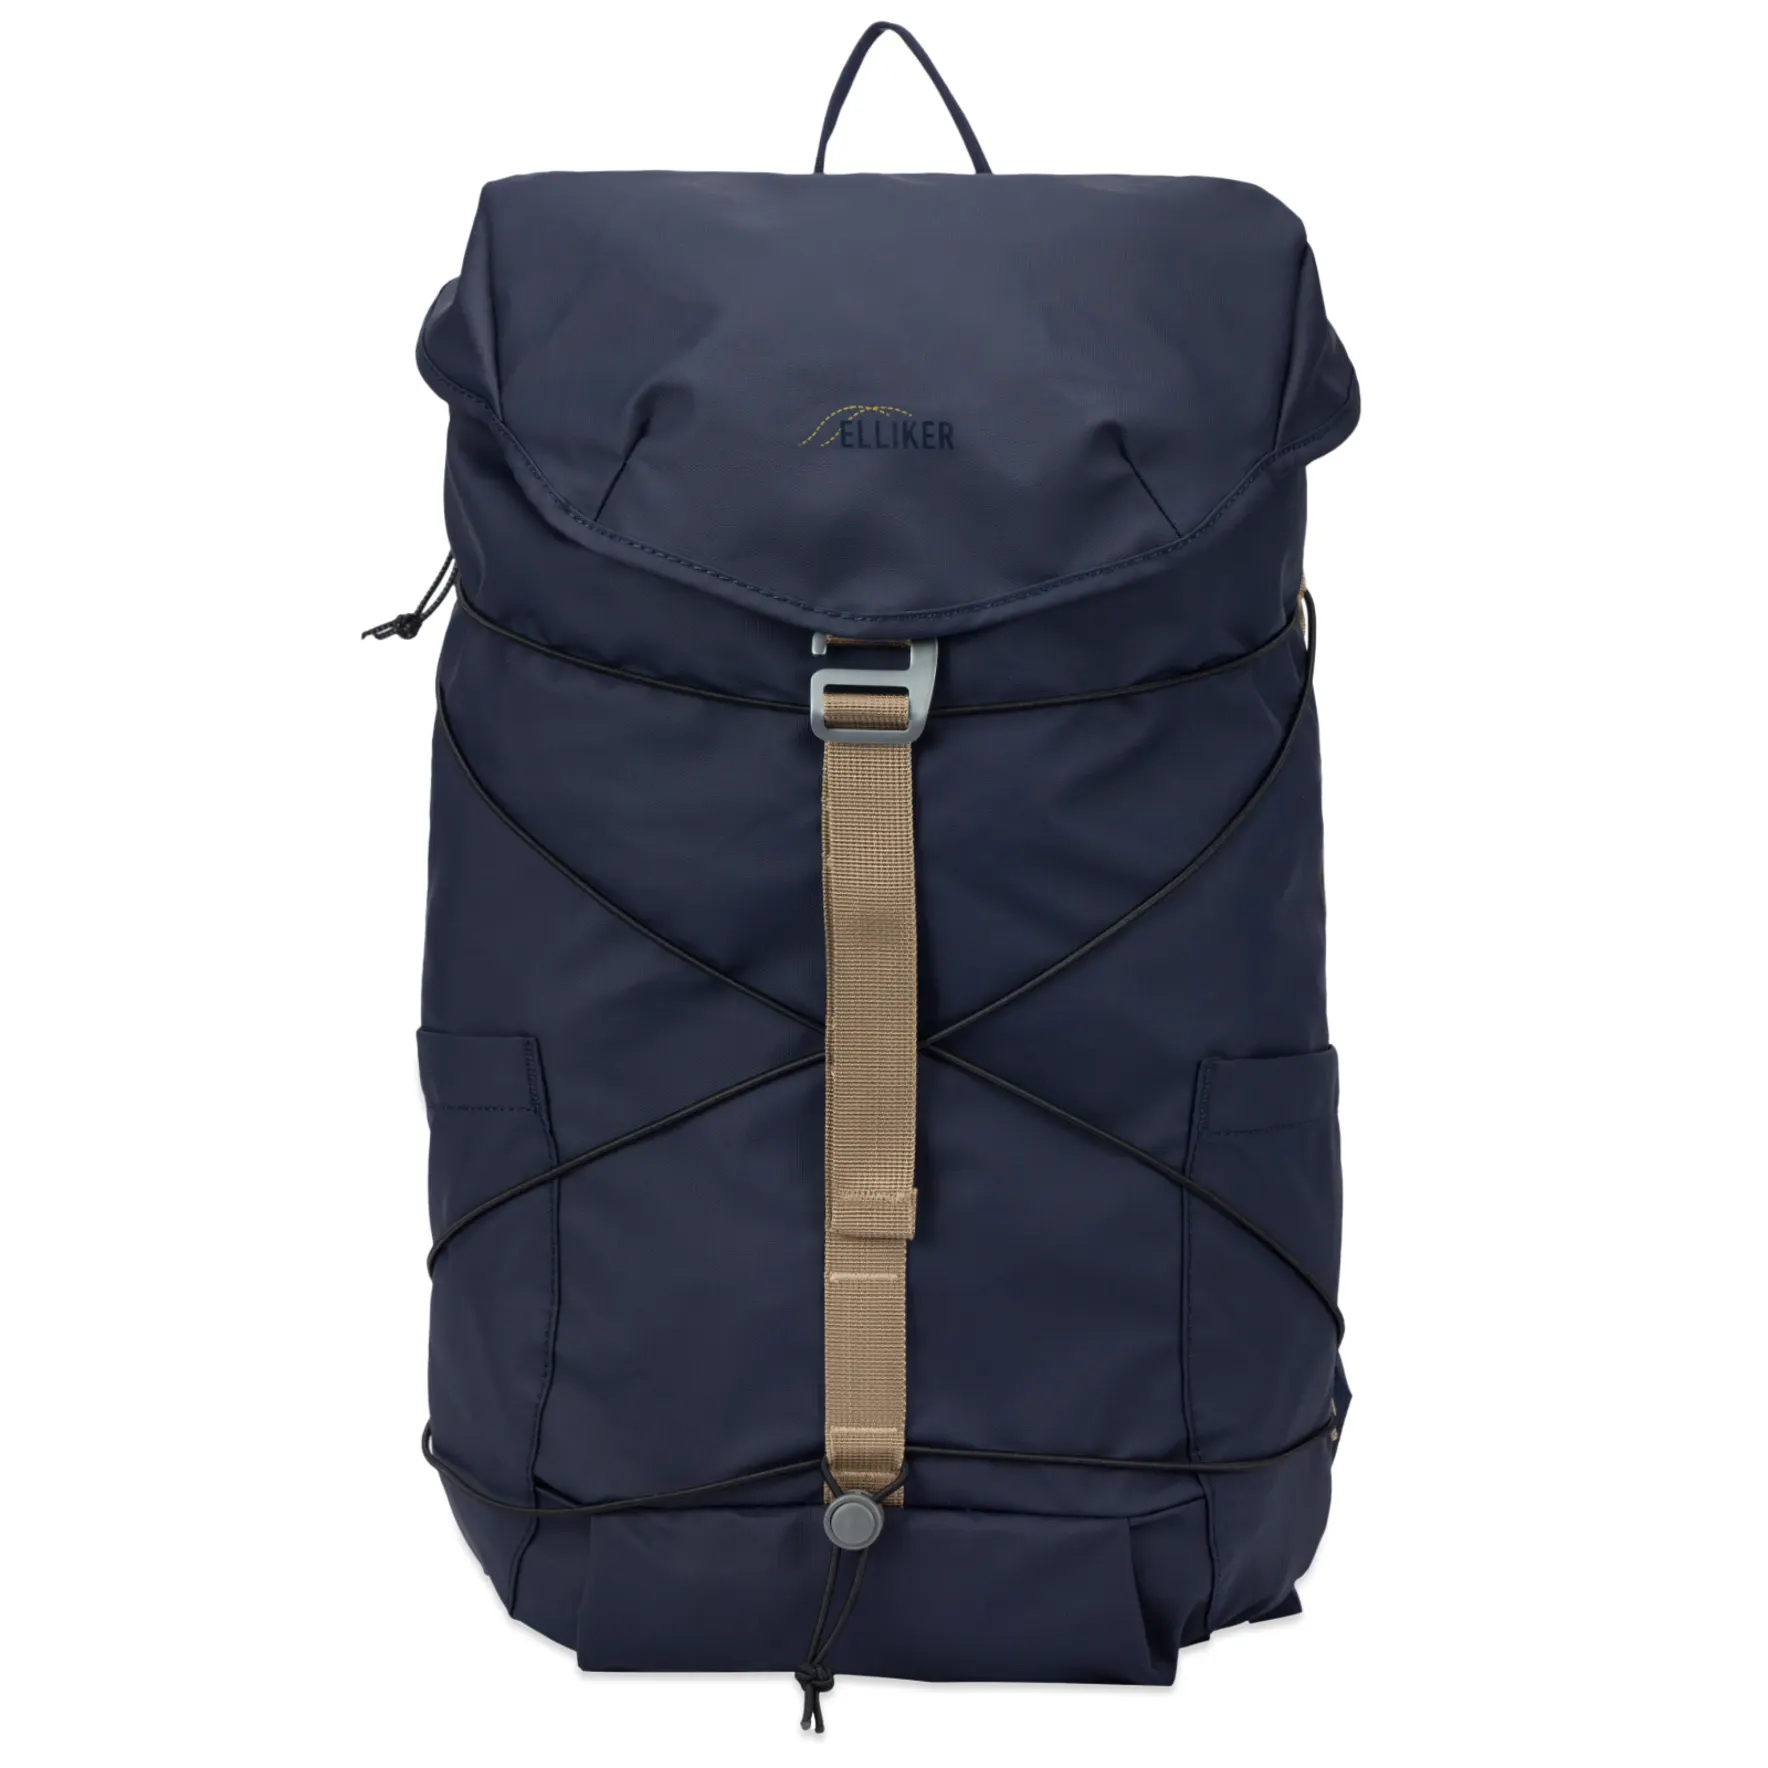 Рюкзак Elliker Wharfe Flapover Backpack, темно-синий рюкзак elliker wharfe brown
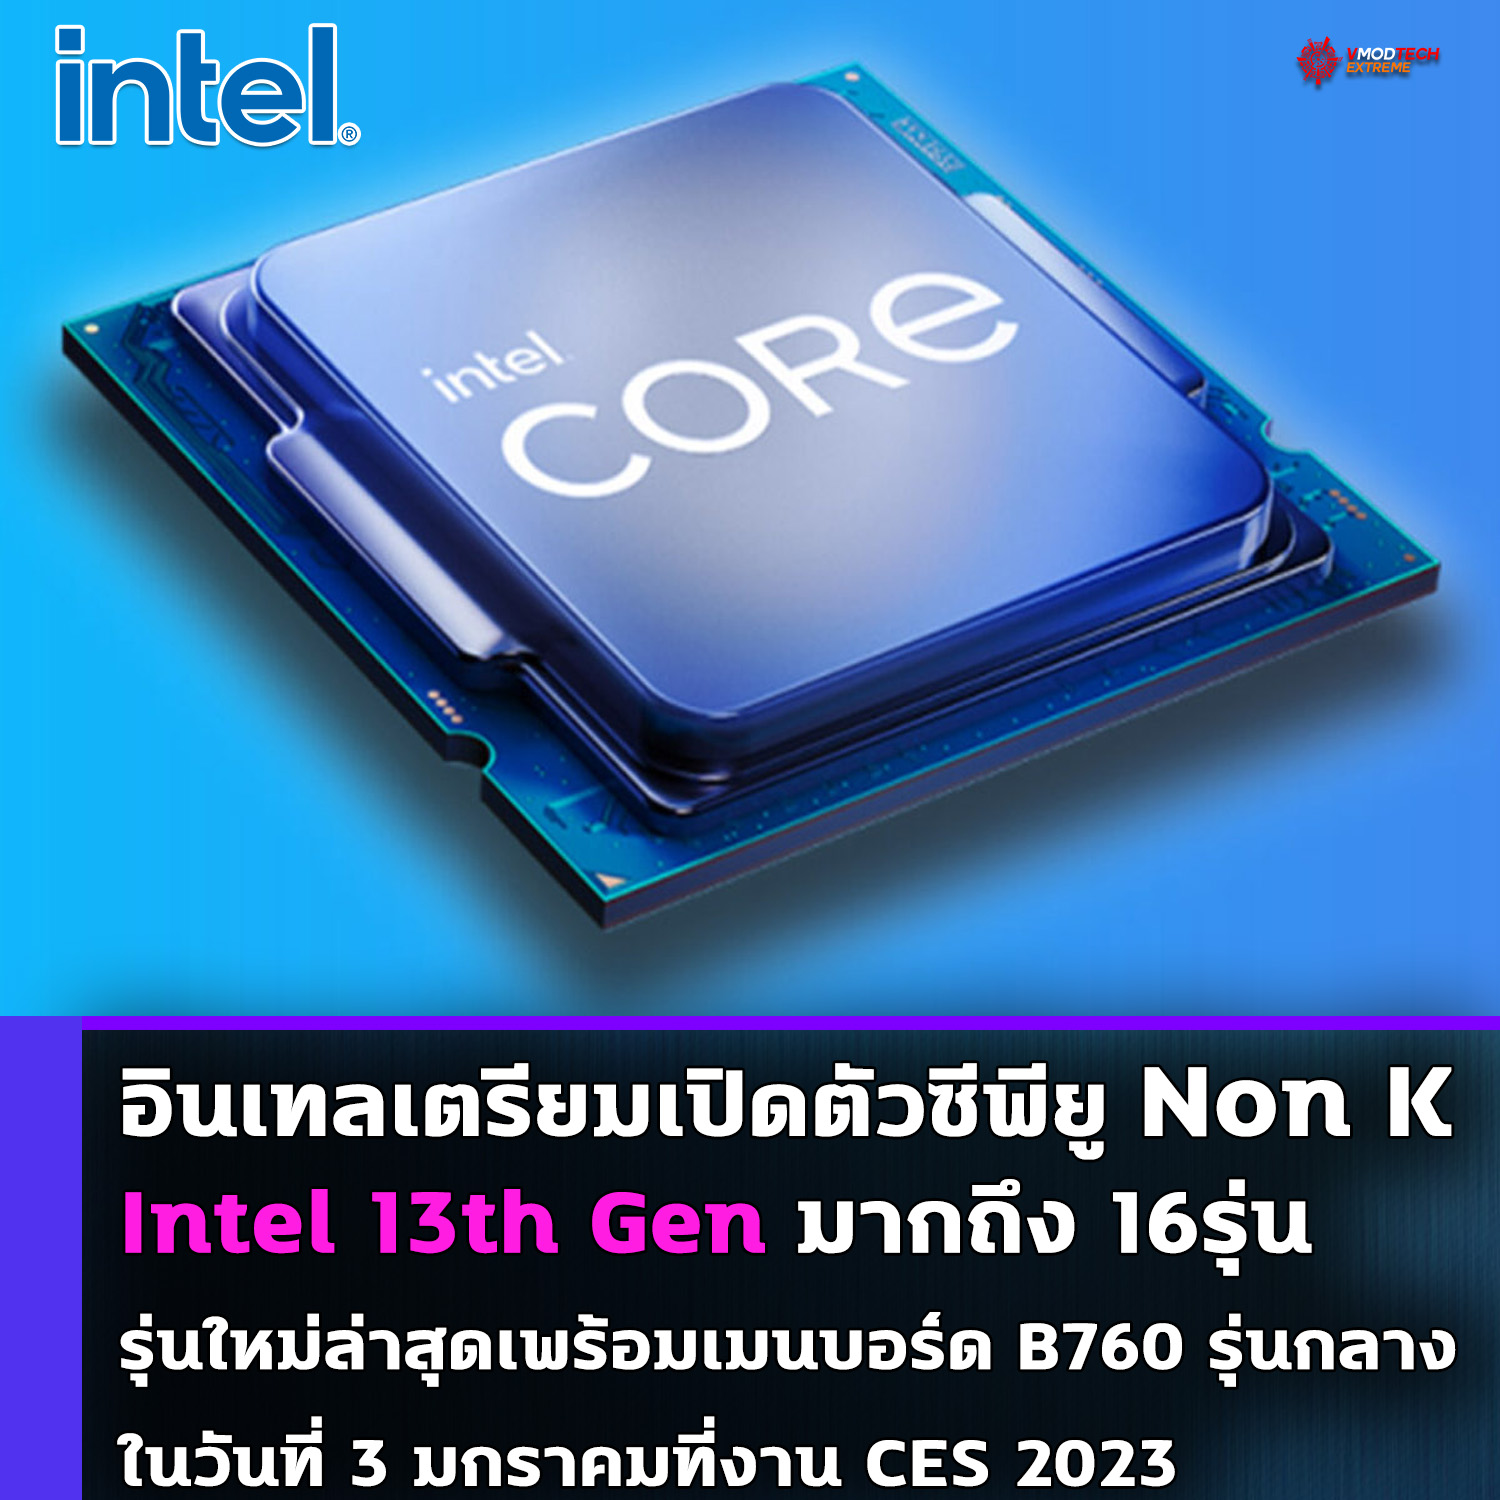 intel 13th gen non k ces 2023 Intel เตรียมเปิดตัวซีพียู Intel 13th Gen ในรุ่น non K รุ่นใหม่ล่าสุดพร้อมเมนบอร์ด B760 รุ่นกลางในวันที่ 3 มกราคมปี 2023
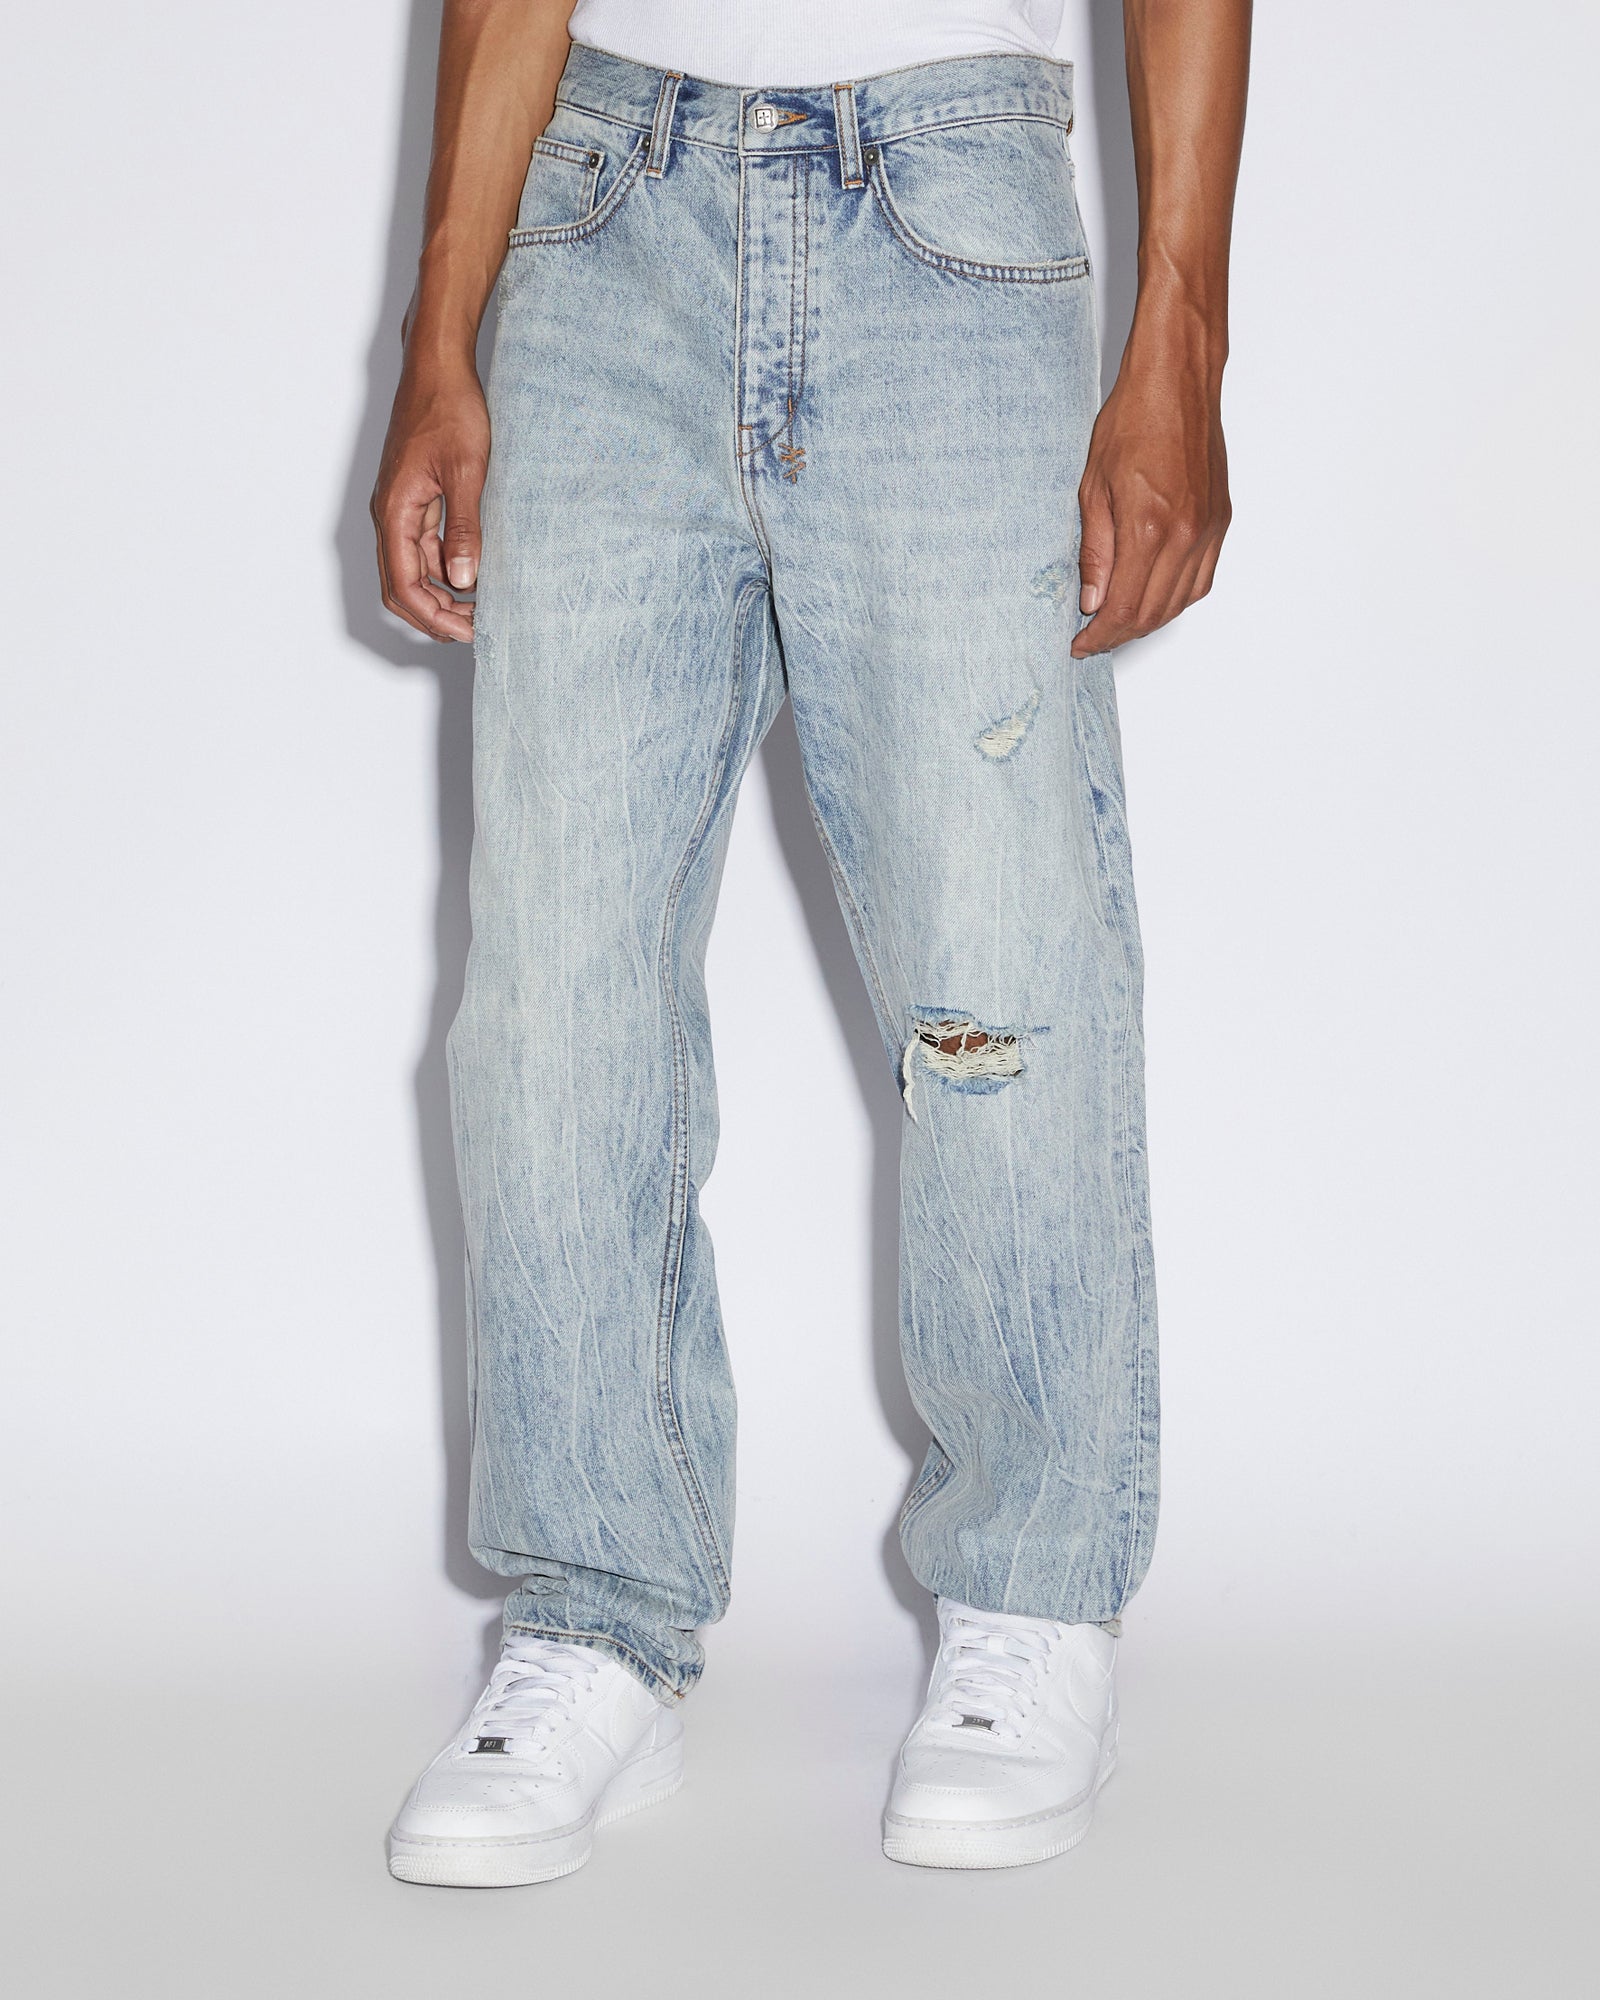 Men's Fashion Plus-Size Loose Jeans Street Wide Leg Trousers Pants

(Work instructions): Write out the whole listing exactly. Pictures stay out.

(Response to this exercise):
 Рюкзак Elliker Wharfe Flapover Backpack, темно-синий рюкзак elliker wharfe brown
 intel 13th gen non k ces 2023 Intel เตรียมเปิดตัวซีพียู Intel 13th Gen ในรุ่น non K รุ่นใหม่ล่าสุดพร้อมเมนบอร์ด B760 รุ่นกลางในวันที่ 3 มกราคมปี 2023
 Men's Fashion Plus-Size Loose Jeans Street Wide Leg Trousers Pants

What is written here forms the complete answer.